A deputada Margarida Salomão (PT-MG) afirmou que a sessão de análise da admissibilidade do pedido de impeachment está “irreversivelmente” corrompida por três razões. A primeira é a falta de crime de responsabilidade, segundo a deputada. A segunda é o fato de Eduardo Cunha presidir a Câmara dos Deputados, “é corrompido um processo conduzido por um juiz réu”. A última é, de acordo com Margarida Salomão, é travestir como rito jurídico a disputa política do impeachment.

Para o deputado Davidson Magalhães (PCdoB-BA), o processo de impeachment é ilegal e imoral e contra os cidadãos para tirar programas sociais. A deputada Janete Capiberibe (PSB-AP), afirmou que é independente do governo e votará contra o impeachment por não reconhecer crime de responsabilidade contra Dilma.

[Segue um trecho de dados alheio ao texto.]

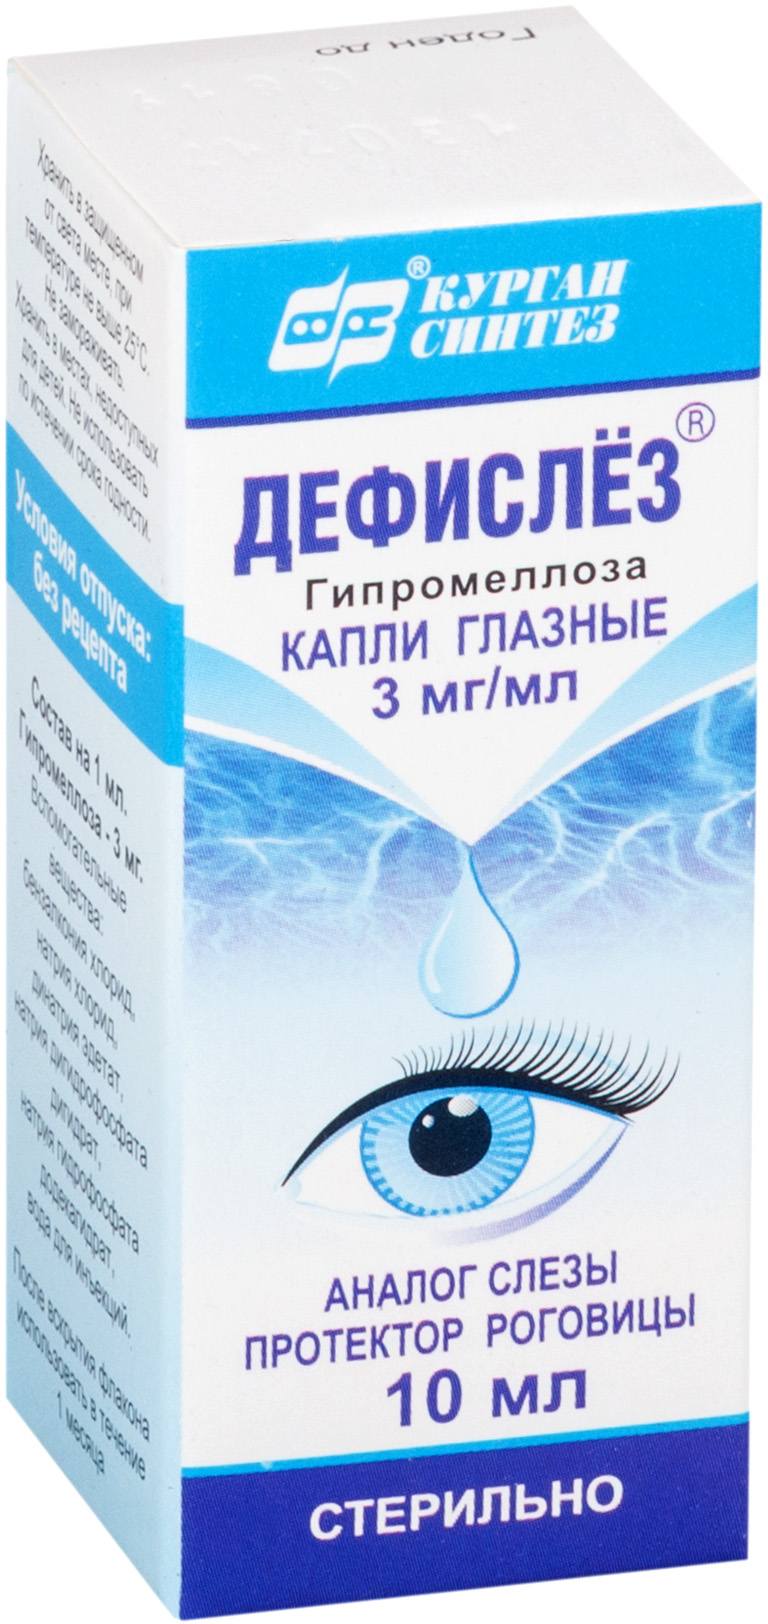 Дефислез, капли глазные 3 мг/мл, 10 мл

Já o deputado Rogério Marinho (PSDB-RN) afirmou que quem aplicou golpe foi o governo do PT ao mentir para a população. “Golpe é utilizar a mentira como método. Golpe é roubar as estatais, e os fundos de pensão”, disse. Segundo Marinho, o Brasil atualmente está ferido e dividido e precisa de uma chance de um novo recomeço que acontecerá com “o impeachment de Dilma e a retirada dessa quadrilha do poder”. Para o deputado o PT cometeu golpe ao dividir para dominar, submeter, manipular e esconder sua atitude totalitária.

Para o deputado Paulo Feijó (PR-RJ), a presidente ignorou a peça orçamentária. “Gastou o que não podia principalmente nos períodos eleitorais.” O deputado Geraldo Resende (PSDB-MS) disse que o Brasil é maior que o erro político do atual governo que transformou a corrupção em endemia.